Last updated: 19th Jul 2026

What Ships in Every RapidNative-Generated React Native App

Every AI app builder makes the same implicit promise: describe your idea and get a working app. What almost none of them tell you upfront is what that app is actually built on — the runtime, the navigation library, the styling system, the icon set, the state management, the animation primitives. All of that matters. Change a UI library and you can rebuild a screen in an afternoon. Change a state management library and you are rewriting for a week.

At RapidNative we ship the same production-grade React Native starter template inside every generated app. No mystery bundle. No proprietary runtime. Just a versioned, opinionated Expo project you could clone by hand and recognize immediately. This post is a full audit of what is inside — the packages, the versions, the design decisions, and the choices we deliberately made not to ship.

If you are evaluating an AI React Native app generator, or just curious what a modern React Native starter template looks like in 2026, this is the blueprint.

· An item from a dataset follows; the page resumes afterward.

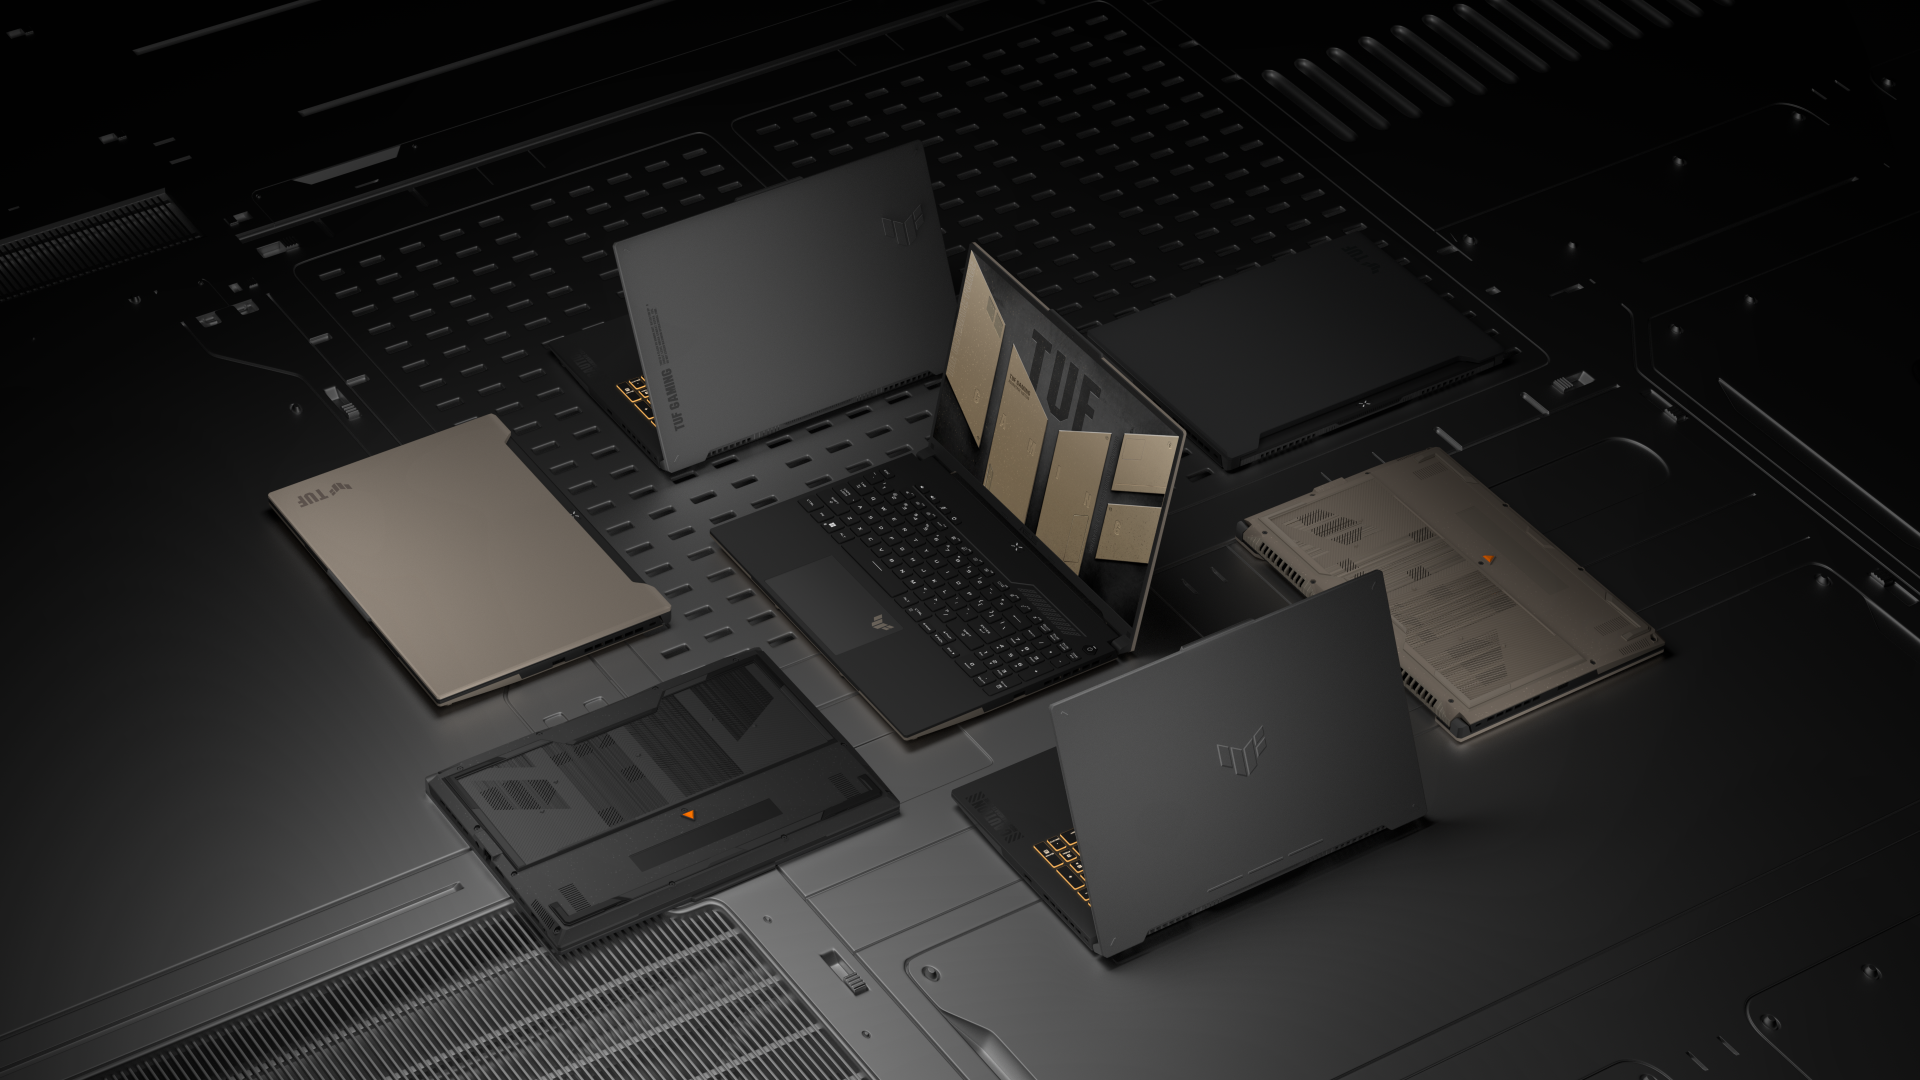 Opera and ASUS partner to create special ASUS ROG edition of Opera

React Native and Expo mobile development on a laptop Photo by Markus Spiske on Unsplash

Why the stack matters more than the AI

The best AI-generated code is worthless if it lives on an unmaintained foundation. That is the trap most no-code tools fall into — they generate something that looks great inside a browser preview but becomes a black box the moment you try to eject it. You cannot ship to the App Store. You cannot debug on a real device. You cannot hand it to a React Native developer to extend.

We chose the opposite path. Every RapidNative project is a real Expo app, using the same libraries a senior mobile team would pick if they were greenfielding a product today. If you export the code, you get a clean project that runs with npm install && npx expo start. There is no runtime translation layer. There is no proprietary component format. What you see in the preview is what runs on device.

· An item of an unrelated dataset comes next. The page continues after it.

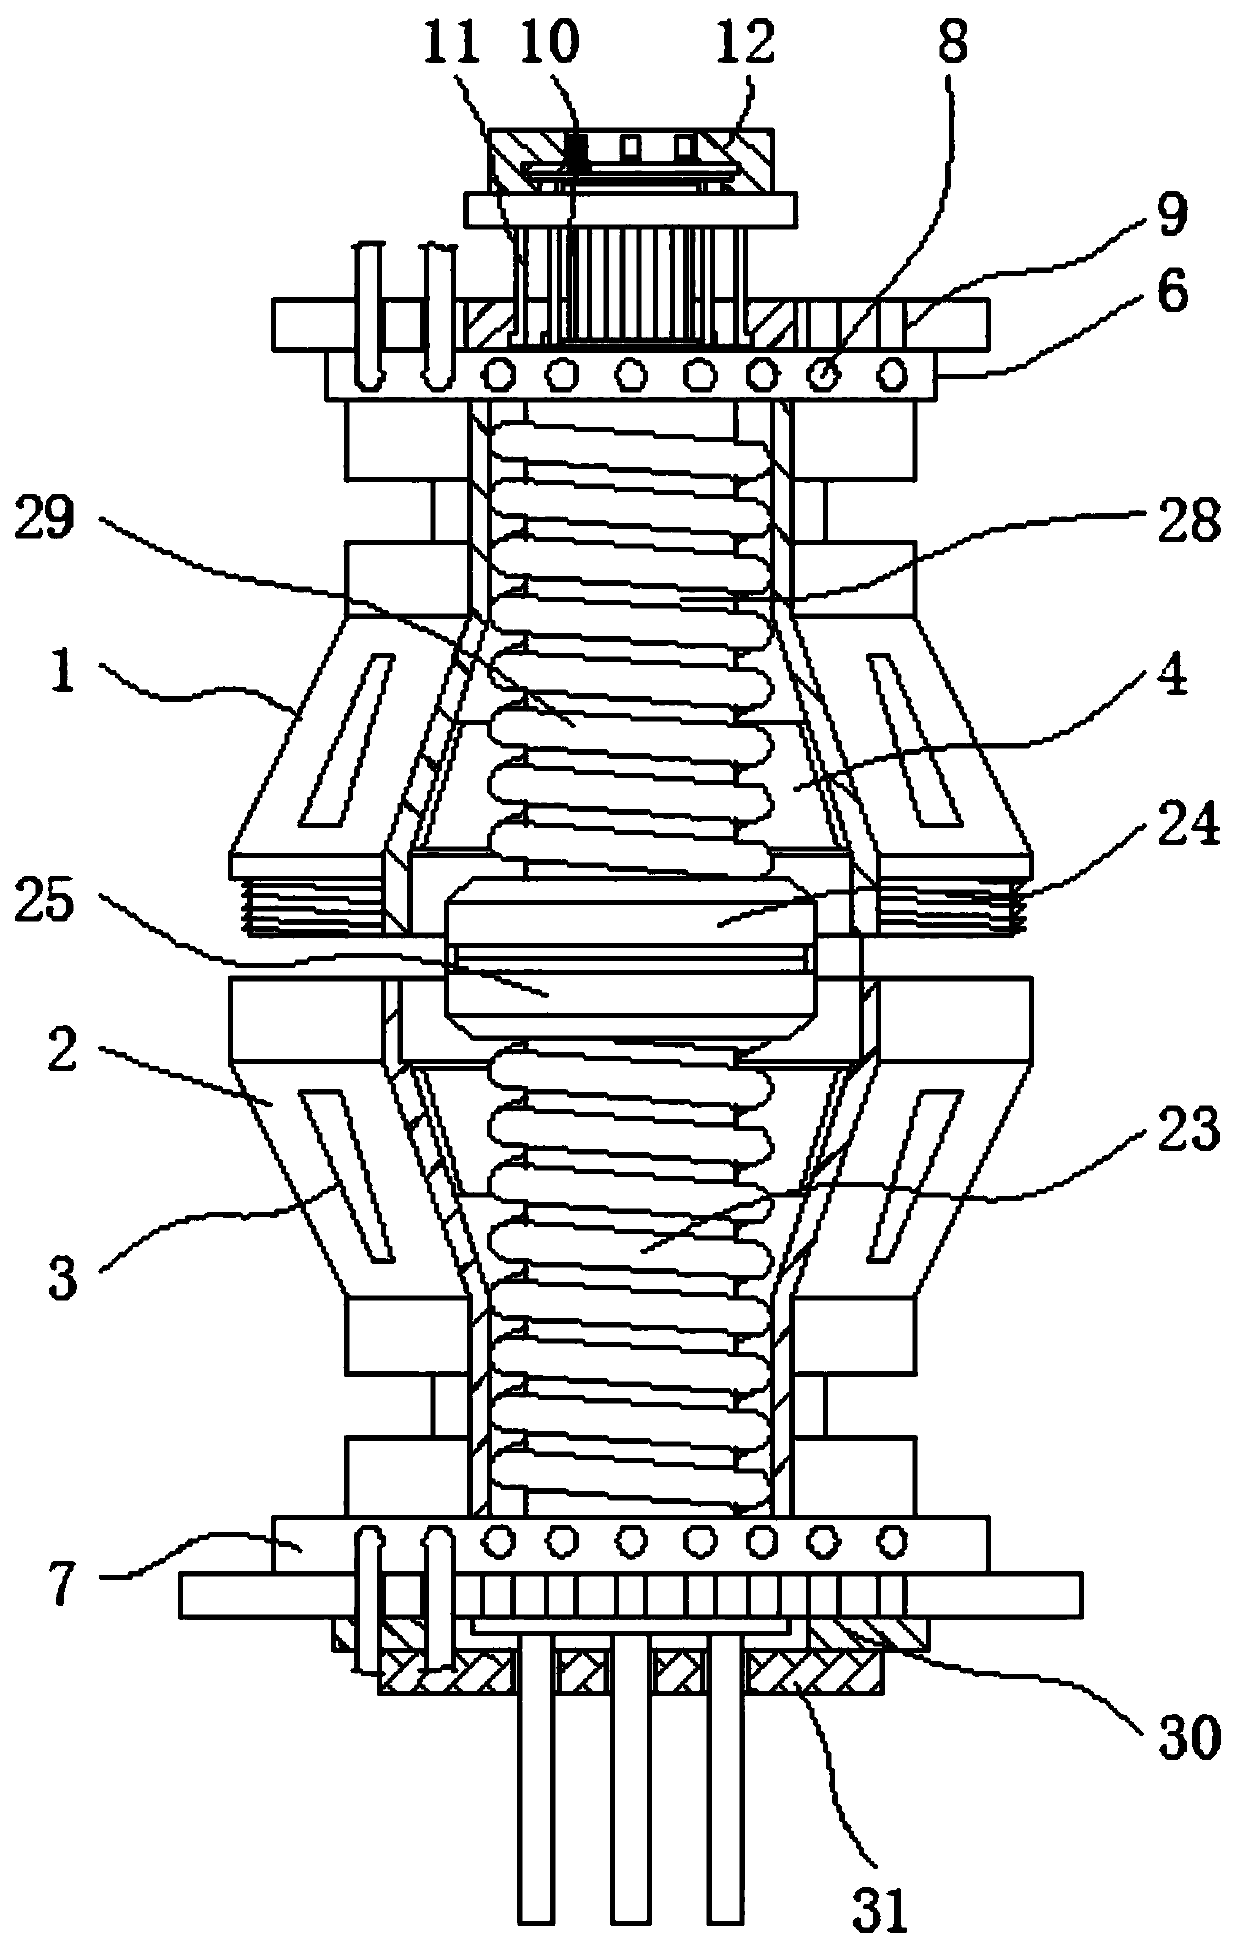 An engineering optical cable conductor with an intermediate joint structure

That decision cascades into every other stack choice below. Let's walk through it end to end.

The runtime foundation: Expo 54, React Native 0.81, React 19

Every generated app ships with the current stable versions of the core runtime:

  • Expo 54.0.13 — the managed workflow, EAS Build integration, and the entire expo-* module ecosystem
  • React Native 0.81.4 — the New Architecture is on by default; Fabric renderer and TurboModules are live
  • React 19.1.0 — Server Components on web preview, use hook, the new ref prop API
  • React DOM 19.1.0 — because every project also runs in the browser via react-native-web
  • TypeScript 5.9.3 — strict mode, no any in generated code

The choice of Expo over bare React Native was not close. Expo gives us EAS Build for iOS and Android artifacts without asking users to install Xcode. It gives us over-the-air updates without wiring CodePush by hand. It gives us expo-router, which we will get to next. And every expo-* module we use is vetted for the New Architecture — no more praying that react-native-vector-icons will work on a fresh install.

The React 19 version is more interesting. React Native 0.81 formally supports React 19, which means we get the React 19 use hook for reading promises inline in components, the improved ref forwarding, and Server Components in the web preview build. Generated code takes advantage of these where they simplify data-fetching patterns.

Navigation: Expo Router 6 (file-based routing)

Navigation is one of the most-argued corners of React Native. React Navigation, Expo Router, react-native-navigation — they all have loyalists. We picked Expo Router 6.0.12 and stopped debating.

Expo Router is file-based routing. If you have used Next.js App Router, you already know the mental model: the file system is the route table. app/index.tsx is your home screen. app/(tabs)/profile.tsx is inside a tab layout. app/settings/notifications.tsx is a nested route.

Under the hood, Expo Router is a thin wrapper around @react-navigation/native 7.1.18 and @react-navigation/bottom-tabs 7.4.9, so nothing is being reinvented. What Expo Router adds is deterministic routing — the AI can generate a new screen just by writing a file in the right location, without touching a central navigator config. That is a huge win for an AI code generator, because it means every screen is a self-contained artifact you can add, delete, or move without regressing the rest of the app.

The templates also install react-native-web 0.21.1 so every route renders in the browser preview. This is the mechanism behind RapidNative's real-time preview: the same route files render inside an iframe as you edit, then compile to native when you scan the QR code.

Expo Router file-based navigation on iOS Photo by Andrew Neel on Unsplash

Styling: NativeWind 4 + a semantic token system

The templates ship with NativeWind 4.2.1 — Tailwind CSS for React Native — as the sole styling system. There is no StyleSheet.create() in generated code. Every visual property lives in a className string.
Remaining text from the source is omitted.